Elton John’s ‘Tammy Faye’ closed early on Broadway: Does religious musical have a prayer at the Tonys?
This week, Elton John’s “Tammy Faye” musical closed on Broadway after only 24 previews and 29 regular performances. Although the show, about the rise and fall of televangelist Tammy Faye Bakker, concluded its run on Dec. 8 as the Rocket Man’s worst-performing musical in New York following blockbuster successes “The Lion King,” “Billy Elliot: The Musical,” and “Aida,” “Tammy Faye” is hardly the only original musical with a religious theme to shutter unceremoniously in the past decade-plus.
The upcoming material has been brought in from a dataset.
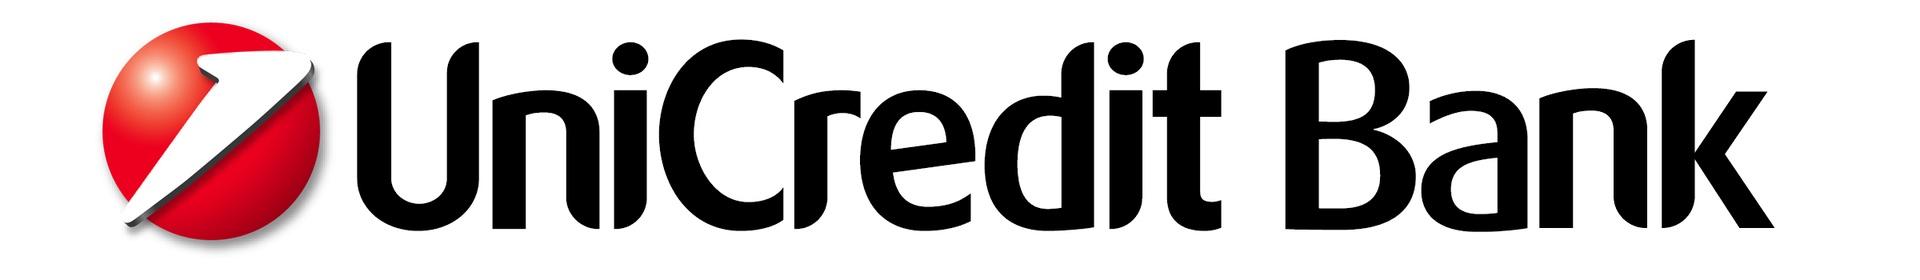 Unicredit_bank_logo

With the notable exception of “The Book of Mormon,” with its nine Tony Awards and 5,000 performances and counting, audiences have been singing from a different hymn sheet than these faith-based offerings.
In 2010, John’s fellow EGOT champion Alan Menken brought a musical adaptation of the Steve Martin film “Leap of Faith” to Broadway with Tony nominee Raúl Esparza as the show’s conman who poses as a pastor to swindle Kansas townspeople. Despite the songwriting power of Menken and collaborator Glenn Slater and stars Esparza and future Tony winners Kecia Lewis (“Hell’s Kitchen”) and Leslie Odom Jr. (“Hamilton”), the show’s revival tent folded after 25 previews and only 19 regular performances.
Just months after “Leap of Faith,” Kathie Lee Gifford’s musical “Scandalous: The Life and Trials of Aimee Semple McPherson” about the eponymous, real-life evangelist ran a tad longer than “Tammy Faye,” with 31 previews and 29 regular performance. It starred Carolee Carmello in the title role alongside Broadway legend George Hearn. Charles Isherwood (New York Times) described it at the time as not “so much scandalously bad as it is generic and dull.”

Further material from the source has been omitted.